Unschooling is a method of homeschooling. We didn’t set out to be unschoolers, it just kind of happened. We use to consider ourselves eclectic homeschoolers. We kind of still are, but we mostly unschool.
Unschool doesn’t mean lazy parenting or uneducated children. Its un- institutionalized education. It’s child led, passion driven hands on learning. It’s unconventional education. It’s how most people learn best.
Critics often ask “but how will they learn” as if worksheets and tests are effective for all children to learn.
I like to ask “how will they learn what?” What specifically are you curious how they will learn? Math? Addition, subtraction, multiplication and division are learned young. My not quite two year old knows that if you have two cookies and you give him one, you still have one more to give him. By age 5 most children can do division and multiplication. They probably don’t have it memorized like we are trained to do in 3rd and 4th grade but they understand the process. Just handing out pizza on pizza night is a math lesson. 5 pizzas, 40 slices, 12 people…. Earning and managing their own money is a great way to earn math. Math lessons are everywhere. Can’t do algebra? Sure you can. Just don’t call it algebra. Call it “how many gallons of gas can I get for $20”. Same principle, just not as intimidating.
What about grammar? Reading FB daily I can assure you most people aren’t well versed in grammar and very few can diagram a sentence. I know my blog isn’t going to get an A in any college class, nor is that my goal. I write like I talk. My children can write coherent sentences. They learn this mostly by conversing, and of course reading. Reading and conversing are two of the best ways to expand your vocabulary. I could give out lists and make them write definitions but we kind of enjoy the “what does that word mean” or even better, the looking it up. And with googles audio definition options we have less mispronounced words that heavy readers tend to have.
Ever notice in 13 years of schooling, science seems to be a repeat of the same lessons and it’s rarely what you want to learn about? There is so much to cover, from space, to biology, botany, forensics, physics, earth science, chemistry etc. how do you isolate what you teach from each subject and what you don’t? What is necessary and what is not?
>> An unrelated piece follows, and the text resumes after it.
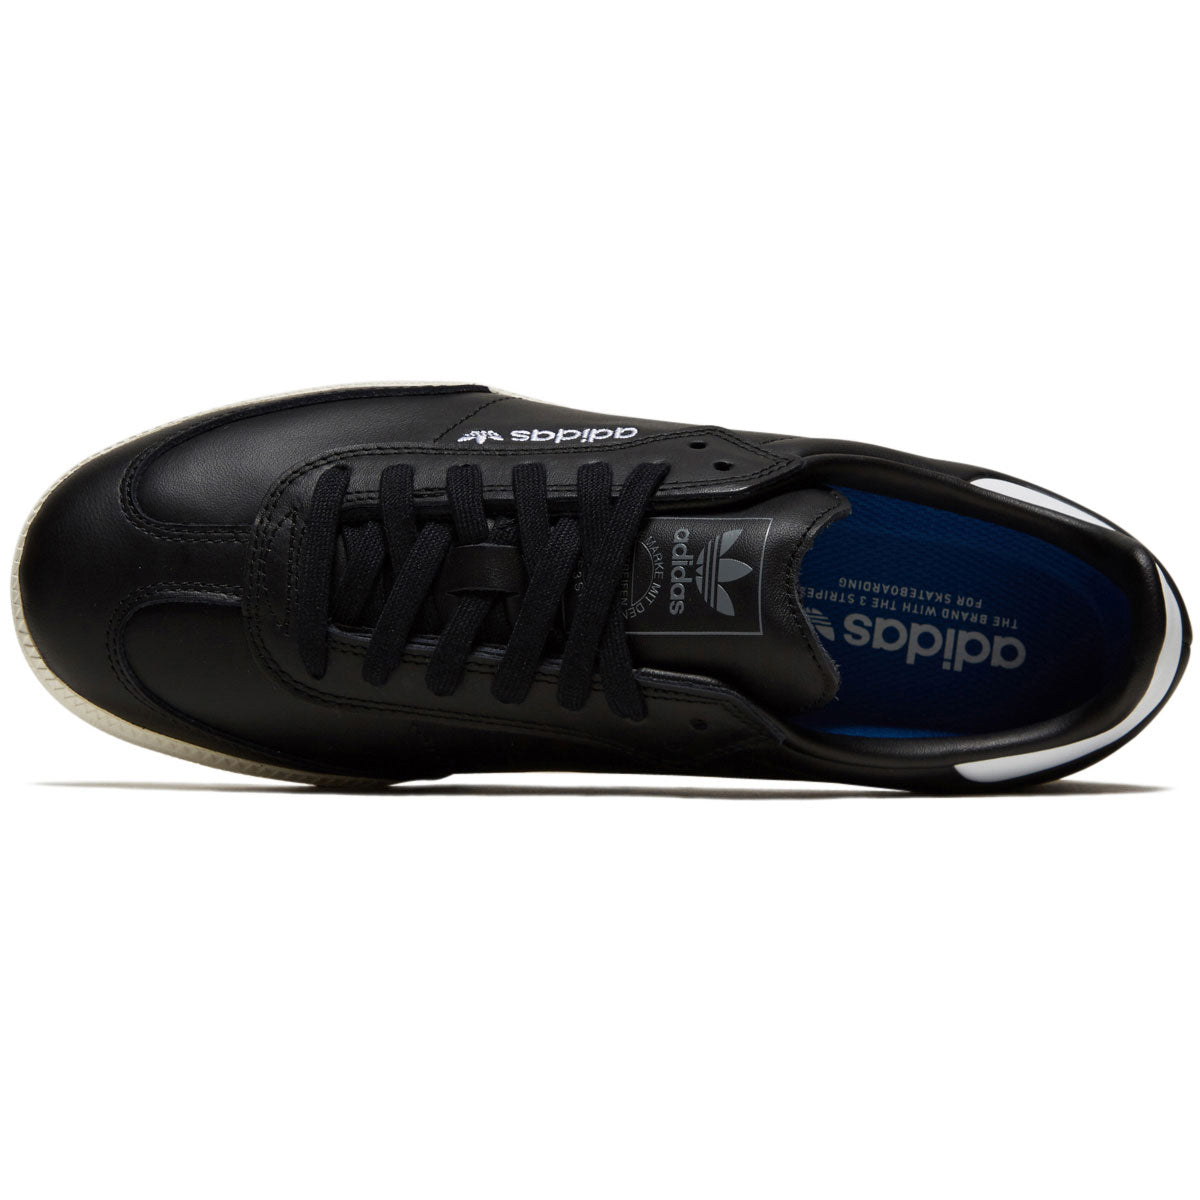 Adidas Samba ADV Shoes - Core Black/Grey/Chalk White image 3

Same with history. Do you start with Adam and Eve and work your way up till today? Do you cover just your geographical area? Focus on certain people? If a student never learns about the Xia dynasty are they uneducated? Whose version of history do we teach? I’m sure WW2 lessons in Japan look a bit different than the WW2 lessons in Poland. Of course schools here teach the version of history that shows us in the most favorable light, but it doesn’t mean it’s correct.
There is so much knowledge to be leaned and we don’t feel it should be scheduled or compartmentalized. It should be met with enthusiasm and curiosity. Not force fed. I like the metaphor that industrial education is often about as effective as throwing marshmallows at the children’s heads. We have trained the mind to absorb and retain as much information it can just long enough to pass the test. It’s not learned. It’s temporarily memorized. Thank goodness us old people have google.
So what about college? Most high school graduates aren’t prepared for college. Freshman year of college has become a crash course in basic math, English, history… in a child led passion driven environment, a child who wants to attend college has the opportunity to prepare themselves for that next step. Most unschoolers who seek college do well. And yes, some don’t, but that is no different than traditional homeschoolers, or students who come from an institutionalized background.
We enjoy the intimate lifestyle we have chosen for our family. We have a blessed opportunity to do so many things as a family, including learn with and from each other.
If you could have custom designed your education, what would it have looked like?